Announcing the Renewing Faith Online Conference
January 23-25, 2025
We’ve started planning something really big, and we think you’ll want to hear more about it in the days to come.
Mark Your Calendars!
We hope you’ll join us on a sacred online journey to renew your faith and explore how we live into process and open & relational theology together. Let's bring more beauty into our Christian paths!
During this multi-day online event, we’ll explore several core themes of Christian faith - not academically, but in “big conversations” and practices.
- Renewing Faith: A Call for Reimagination and Renewal
- Renewing God: Deep Listening, Creativity, Transformation
- Renewing Jesus: Atonement, Salvation
- Renewing Message: Preaching, Scripture
- Renewing Worship: Liturgy, Creeds, Sacraments, Aesthetics
- Renewing Spirit: Practices, Religious Experience
- Renewing Community: Education, Outreach, Service
We’re going to do our best to not be all heady about it, but actually drop down deeper - into our bodies and souls! It’ll be online, so body and soul can join from home.
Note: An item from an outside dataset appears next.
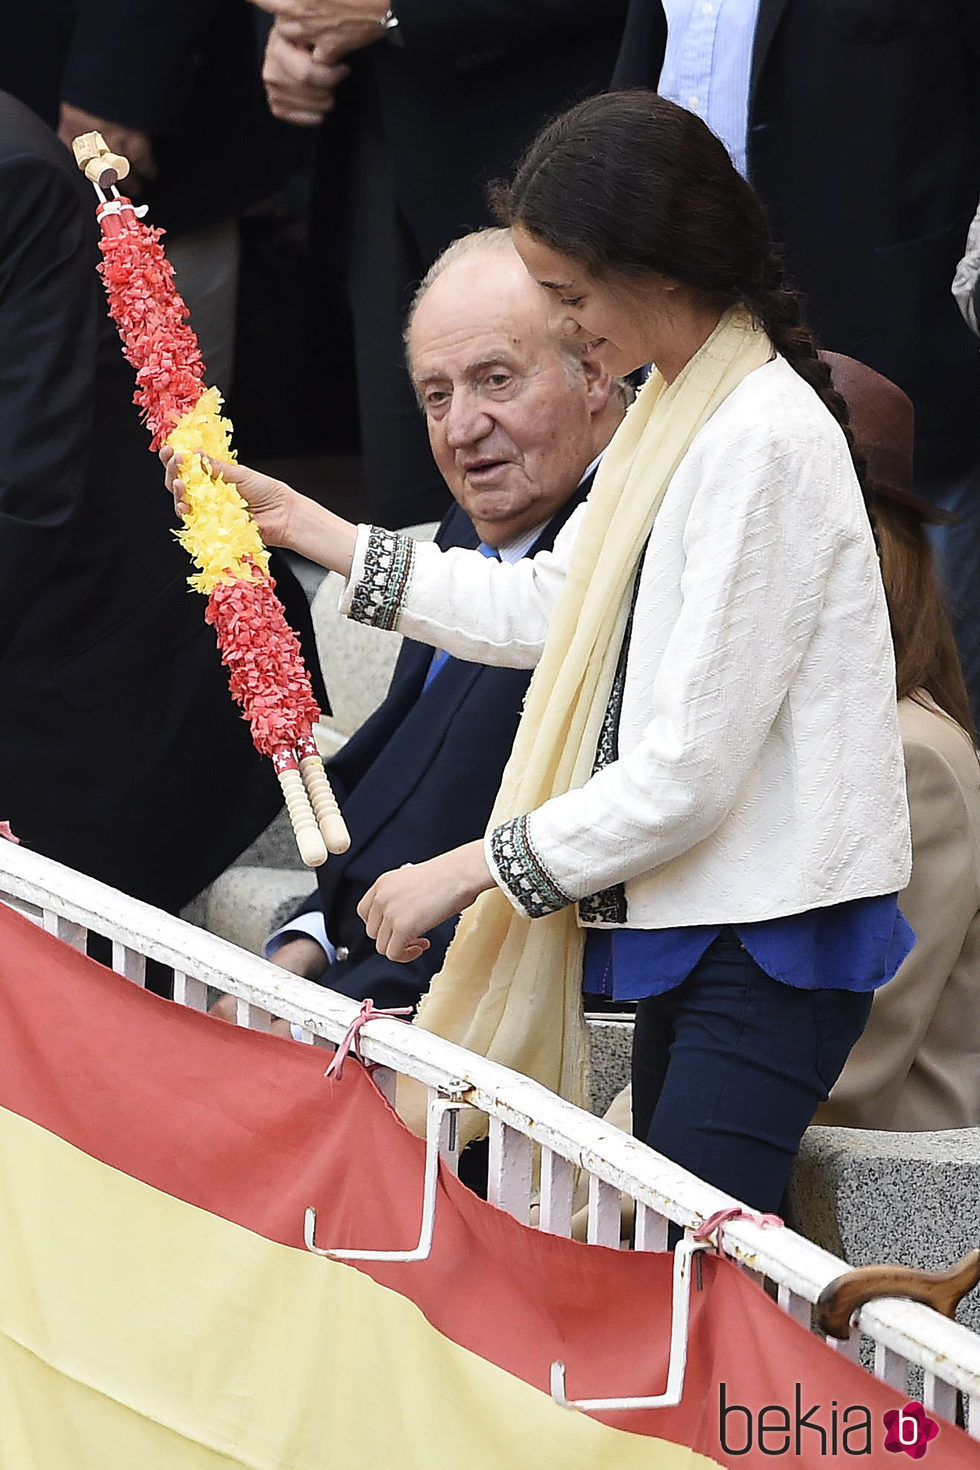 El Rey Juan Carlos y Victoria Federica con una banderilla en la corrida de San Isidro 2016

Sign up today to receive updates!
Speakers
Thomas Jay Oord
Thomas Jay Oord, Ph.D., is a theologian, philosopher, and scholar of multi-disciplinary studies. He is an award-winning author, and he has written or edited more than thirty books. Oord directs a doctoral program at Northwind Theological Seminary and the Center for Open and Relational Theology. He won the Outstanding Faculty Award twelve times as a full-time professor and now speaks at institutions across the globe. Oord is known for his contributions to research on love, open and relational theology, science and religion, and freedom and relationships for transformation.
Sheri D. Kling
Sheri D. Kling, Ph.D., is the director of Process and Faith (Center for Process Studies of Claremont School of Theology) and the John Cobb Legacy Fund. She is also a writer, teacher, and constructive theologian who integrates the process-relational philosophy of Alfred North Whitehead and the analytical psychology of C. G. Jung for psycho-spiritual wholeness. She is a faculty member of the Haden Institute, the author of A Process Spirituality: Christian and Transreligious Resources for Transformation and Finding Home: Rural Reflections on the Journey to Wholeness and editor or contributor to several other texts. Sheri lives in Bradenton, Florida, where she enjoys Gulf breezes and local wildlife. Follow her work at https://www.sherikling.com/
Bruce Epperly
Rev. Bruce Epperly, Ph.D., is a teacher, pastor, spiritual guide, writer, lecturer, retreat leader, and reiki teacher. He is the author of over 70 books, including Finding God in Suffering: A Journey with Job, Process Theology: Embracing Adventure with God, Become Fire: Guideposts for Spiritual Pilgrims, One World: Process Theology and the Lord’s Prayer, Piglet’s Process: Process Theology for All God’s Children, and Restless Spirit. He is an ordained minister in the Christian Church (Disciples of Christ) and United Church of Christ. He has served on the faculties of Georgetown University, Lancaster Theological Seminary, Wesley Theological Seminary, and Claremont School of Theology.
Jeff Wells
Rev. Jeff Wells is the lead pastor of the Church of the Village, a progressive, radically inclusive, and anti-racist community in the New York City. He preaches, practices, and promotes process-relational and open & relational theology. He is a lifelong passionate advocate for social and economic justice and for the common thriving of humans and other-than-human beings. Jeff is an active member of the Alliance for Ecological Civilization, a gathering of activists and thought leaders from around the world. He co-edited (with Thomas Jay Oord, Vikki Randall, and Nichole Torbitzky) Preaching the Uncontrolling Love of God (SacraSage Press, April 2024), a collection of sermons, essays, and worship elements from the perspective of Open, Relational, and Process theology. In 2022, he helped found and co-chaired the Living Earth Movement. With theologian and environmentalist, John B. Cobb Jr., he authored the short book, Is International Cooperation Possible? A Bold Appeal for a Living Earth (2022).